**Instructions to follow:**
Take the line that contains "Franca Scholz, Installationsansicht, 2020, Bonner" as the first line and the final line of the records as the last; return exactly those lines and the lines between.

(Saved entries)
---
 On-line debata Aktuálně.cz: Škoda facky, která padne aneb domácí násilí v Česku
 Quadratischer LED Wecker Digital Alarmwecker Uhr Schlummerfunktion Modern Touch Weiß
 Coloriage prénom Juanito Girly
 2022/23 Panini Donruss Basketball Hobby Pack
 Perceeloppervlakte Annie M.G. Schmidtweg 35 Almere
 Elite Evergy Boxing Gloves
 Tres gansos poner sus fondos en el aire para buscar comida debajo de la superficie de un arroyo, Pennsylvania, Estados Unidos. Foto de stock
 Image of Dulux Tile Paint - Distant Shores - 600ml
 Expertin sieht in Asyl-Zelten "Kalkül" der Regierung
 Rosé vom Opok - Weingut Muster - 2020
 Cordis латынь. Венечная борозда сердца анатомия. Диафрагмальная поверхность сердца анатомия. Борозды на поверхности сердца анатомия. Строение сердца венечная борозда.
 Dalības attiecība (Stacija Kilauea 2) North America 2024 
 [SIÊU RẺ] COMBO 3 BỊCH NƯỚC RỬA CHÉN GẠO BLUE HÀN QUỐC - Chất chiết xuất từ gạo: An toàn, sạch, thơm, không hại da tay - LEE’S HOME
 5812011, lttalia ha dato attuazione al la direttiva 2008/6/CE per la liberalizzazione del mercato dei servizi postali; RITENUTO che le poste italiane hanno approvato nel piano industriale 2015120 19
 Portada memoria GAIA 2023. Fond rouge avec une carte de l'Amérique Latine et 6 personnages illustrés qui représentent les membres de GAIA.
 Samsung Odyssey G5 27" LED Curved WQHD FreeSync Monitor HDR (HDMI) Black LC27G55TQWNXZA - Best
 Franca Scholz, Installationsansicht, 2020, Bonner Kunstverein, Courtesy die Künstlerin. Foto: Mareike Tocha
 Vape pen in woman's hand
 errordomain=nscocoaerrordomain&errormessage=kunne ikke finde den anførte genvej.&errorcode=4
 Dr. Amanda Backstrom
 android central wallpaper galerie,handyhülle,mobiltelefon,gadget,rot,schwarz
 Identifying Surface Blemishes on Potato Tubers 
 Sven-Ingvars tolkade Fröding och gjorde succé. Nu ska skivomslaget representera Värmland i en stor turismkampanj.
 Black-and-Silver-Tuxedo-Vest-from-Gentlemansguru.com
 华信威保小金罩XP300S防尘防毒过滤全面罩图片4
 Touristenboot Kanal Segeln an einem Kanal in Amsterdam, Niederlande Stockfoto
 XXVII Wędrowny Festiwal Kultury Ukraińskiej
---
**Your solution:**
 Franca Scholz, Installationsansicht, 2020, Bonner Kunstverein, Courtesy die Künstlerin. Foto: Mareike Tocha
 Vape pen in woman's hand
 errordomain=nscocoaerrordomain&errormessage=kunne ikke finde den anførte genvej.&errorcode=4
 Dr. Amanda Backstrom
 android central wallpaper galerie,handyhülle,mobiltelefon,gadget,rot,schwarz
 Identifying Surface Blemishes on Potato Tubers 
 Sven-Ingvars tolkade Fröding och gjorde succé. Nu ska skivomslaget representera Värmland i en stor turismkampanj.
 Black-and-Silver-Tuxedo-Vest-from-Gentlemansguru.com
 华信威保小金罩XP300S防尘防毒过滤全面罩图片4
 Touristenboot Kanal Segeln an einem Kanal in Amsterdam, Niederlande Stockfoto
 XXVII Wędrowny Festiwal Kultury Ukraińskiej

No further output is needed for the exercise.